■ **Data**

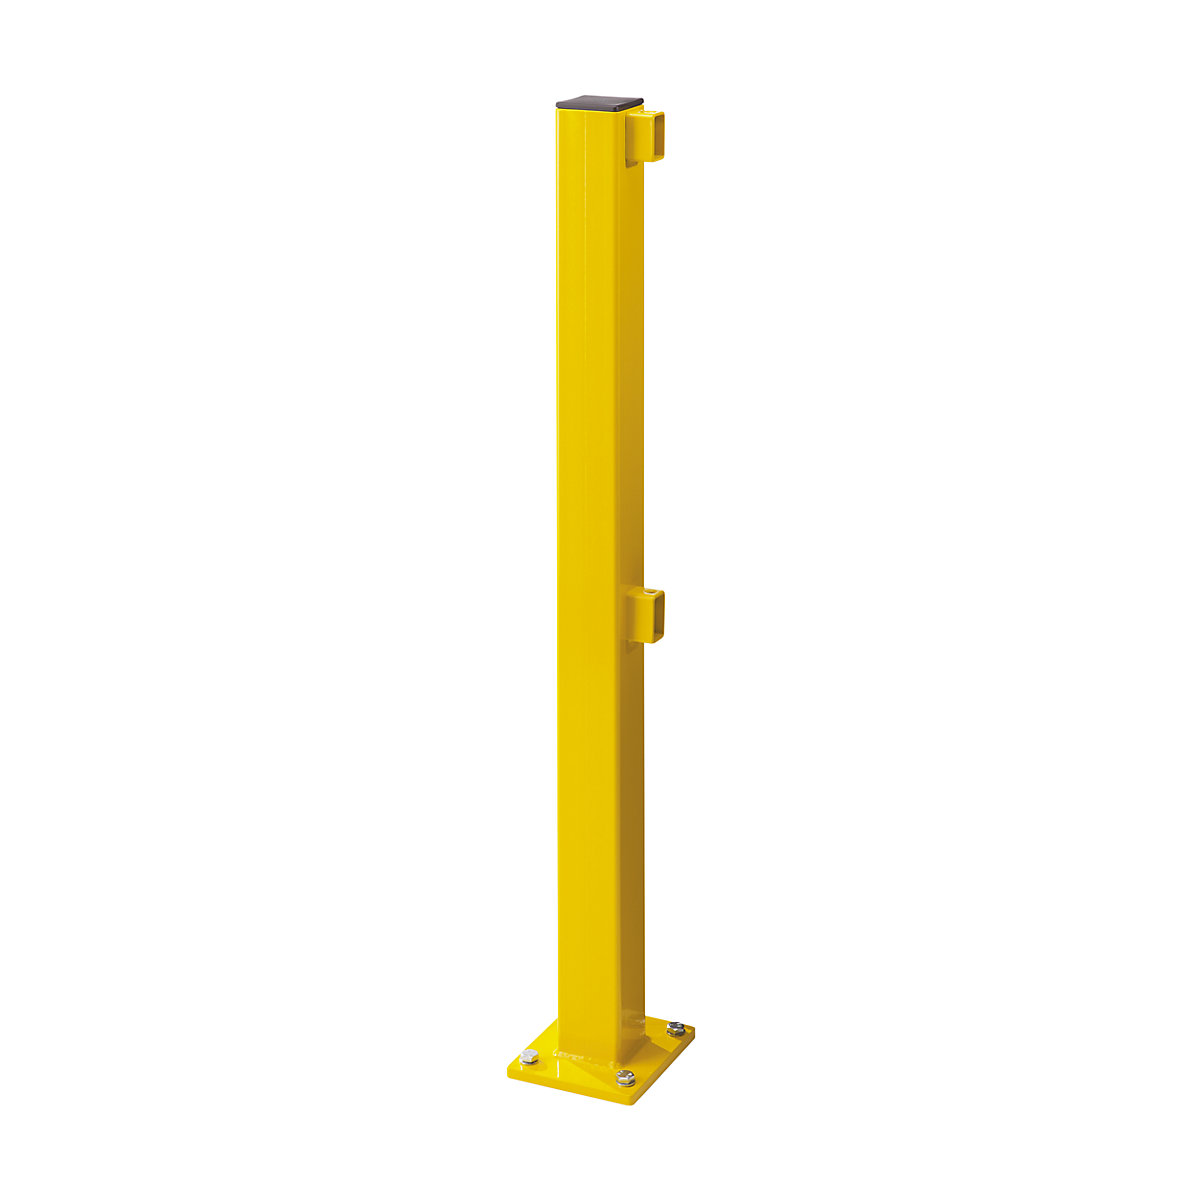 S-Line post for safety railing
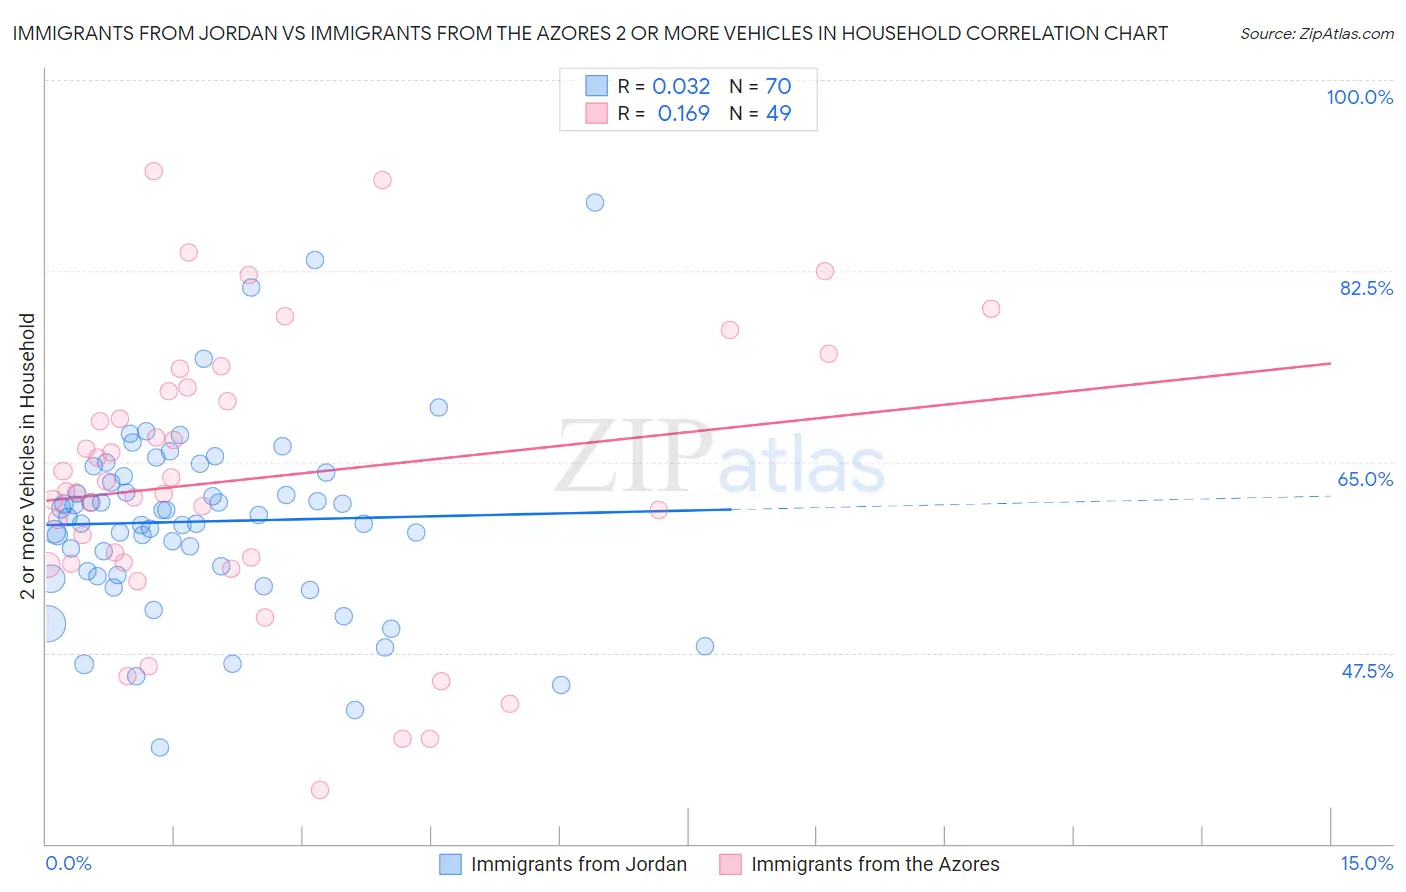 Immigrants from Jordan vs Immigrants from the Azores 2 or more Vehicles in Household
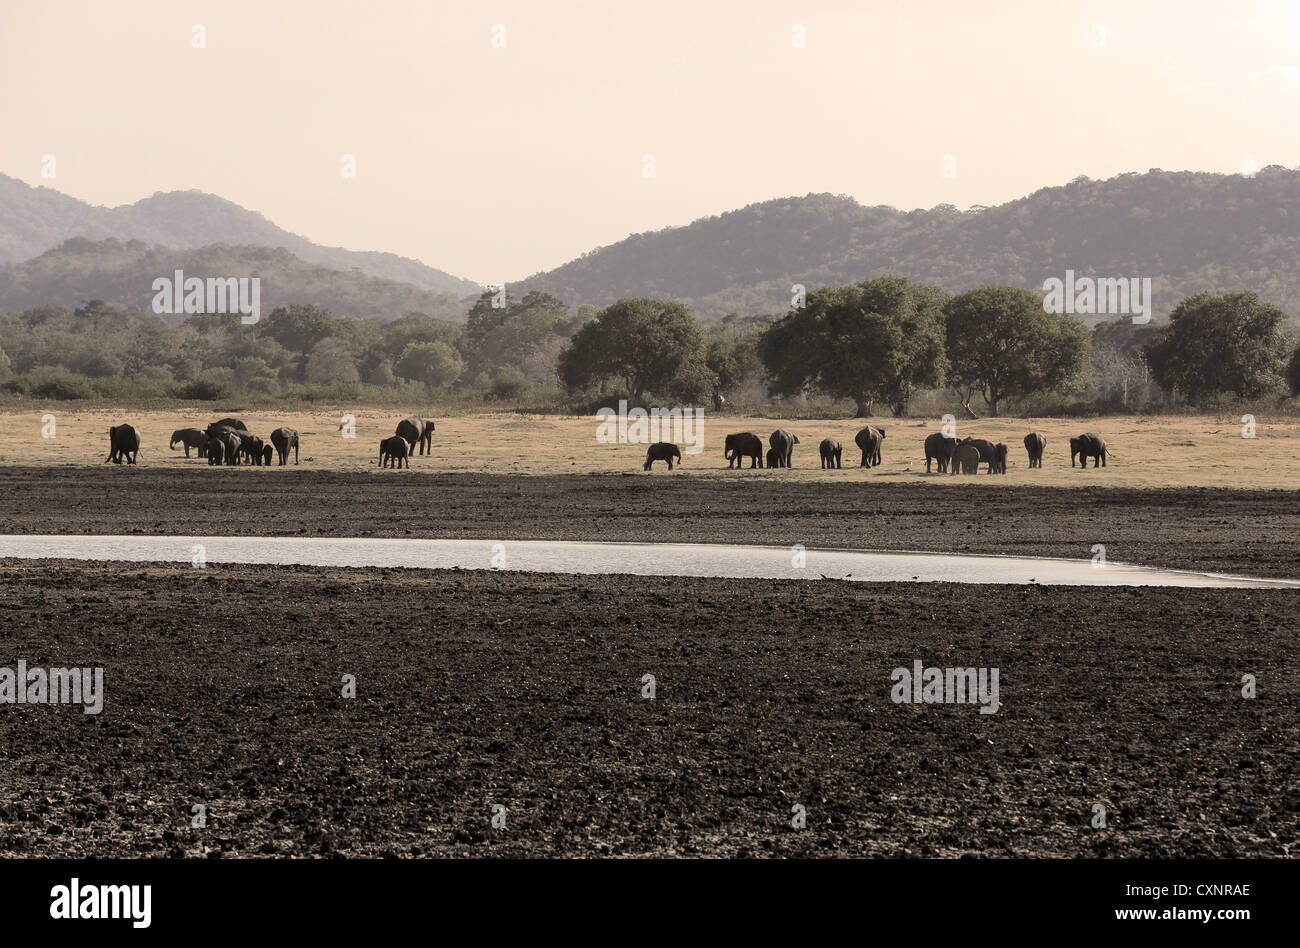 Herd of elephants stand next to an almost dry water hole during a drought at Minneriya National Park in Sri Lanka. Stock Photo

■ **Task**
Copy the material above in full and exactly, skipping pictures.

■ **Reply**
 S-Line post for safety railing
 Immigrants from Jordan vs Immigrants from the Azores 2 or more Vehicles in Household
 Herd of elephants stand next to an almost dry water hole during a drought at Minneriya National Park in Sri Lanka. Stock Photo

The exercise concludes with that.